World Health Summit 2026

Building Digital Health Systems That Work When Infrastructure Doesn’t


Plenary session at WHS 2026.

Last week, Hikma Health participated in the World Health Summit, with this year focused on Reimagining Africa’s Health Systems Through Innovation, Integration, and Collaboration. During the conference, our Executive Director, Sarah Mure shared about Hikma Health’s strategies during the session on Telemedicine and Remote Monitoring for Hard-to-Reach Settings.

One question came up again and again: how do we ensure care continues when connectivity is limited, infrastructure is fragile, and health systems are under strain?

For many of Hikma Health’s partners, this is not theoretical. It is the reality clinicians navigate every day.

Across humanitarian and low-resource settings, healthcare workers are often delivering care in environments where internet access is unreliable, power outages are common, and patient movement is frequent. In these contexts, continuity of care becomes both incredibly difficult and critically important.


Key Lessons Shared

During the session, we shared lessons from supporting digital health implementations across more than 20 countries, including work alongside partners in Syria, Gaza, and across Africa. Across these settings, one challenge consistently emerges: telemedicine depends on continuity of patient information. When systems fail, care becomes fragmented quickly.

  1. Digitizing paper processes alone is not enough.
    Many digital health systems fail because they simply replicate paper workflows without solving underlying operational challenges. If digital tools create more work for clinicians or fail to fit within real clinical workflows, adoption becomes difficult, especially in high-pressure environments. Technology should reduce burden, not add to it.

  2. Systems must be designed for implementation challenges.
    In many settings, connectivity is inconsistent, teams are stretched thin, and staff turnover can be high. Systems need to be intuitive, flexible, and sustainable over time. Training cannot be a one-time event, and implementation support has to account for how teams and environments evolve.

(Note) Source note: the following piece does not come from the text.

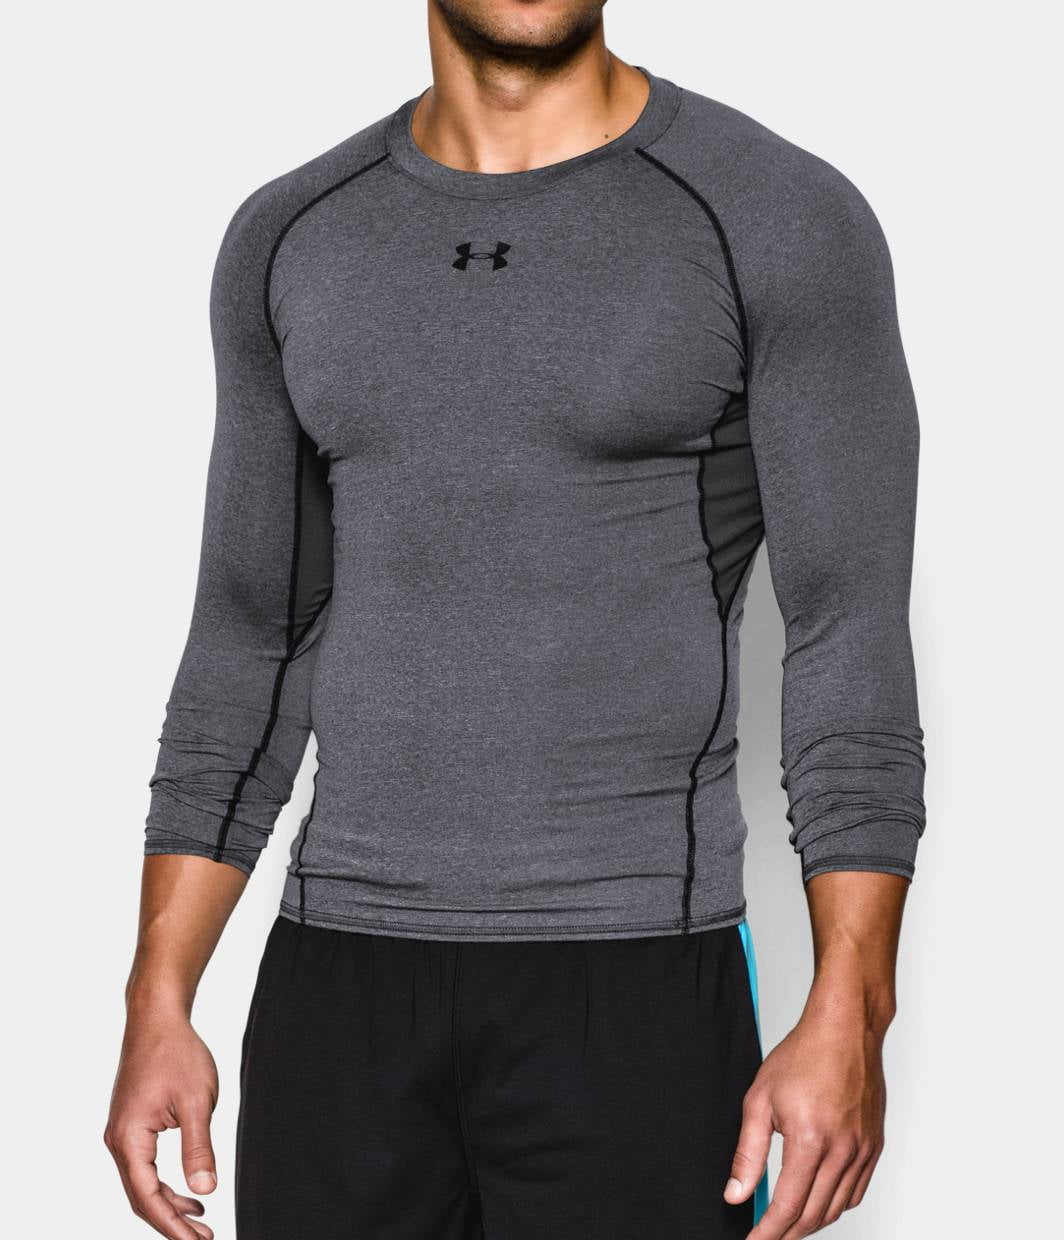  UA HG Armour Novelty SS, Gray - men's short sleeve  compression shirt - UNDER ARMOUR - 31.87 € - outdoorové oblečení a vybavení  shop

  3. Interoperability and governance matter just as much as technology.
    Across many countries, Ministries of Health and healthcare organizations are working to strengthen digital coordination and data visibility, but infrastructure limitations, hosting considerations, and system compatibility remain ongoing challenges. Building resilient health systems requires more than technology alone, it requires long-term operational planning, collaboration, and trust.

These experiences continue to shape how Hikma Health approaches product development. Our open-source electronic health record platform is designed to function offline-first, allowing clinicians to continue documenting care even without reliable internet access. Data can sync once connectivity becomes available. We also prioritize multilingual support, configurable workflows, and lightweight implementation models that reduce technical burden for local teams. 


Beyond the session itself, the World Health Summit created space for meaningful conversations with organizations, clinicians, and digital health leaders across the African continent who are exploring stronger continuity-of-care systems in their own contexts. We had encouraging discussions with groups interested in both our offline-first EHR platform and HERS (Health & Environmental Record System), which integrates environmental exposure data into healthcare workflows to support prevention, preparedness, and clinical decision-making.

The conference also reinforced the importance of shared learning across the digital health ecosystem. We left Nairobi excited to continue engaging with collaborative networks and communities of practice focused on interoperability, telehealth, implementation, and digital health systems strengthening across low-resource settings.

Most of all, we left encouraged by the openness and thoughtfulness of the conversations throughout the week. As digital health continues to expand globally, we believe the focus must remain grounded in practicality, dignity, and continuity of care, because innovation only matters if it works in the realities clinicians and patients actually face.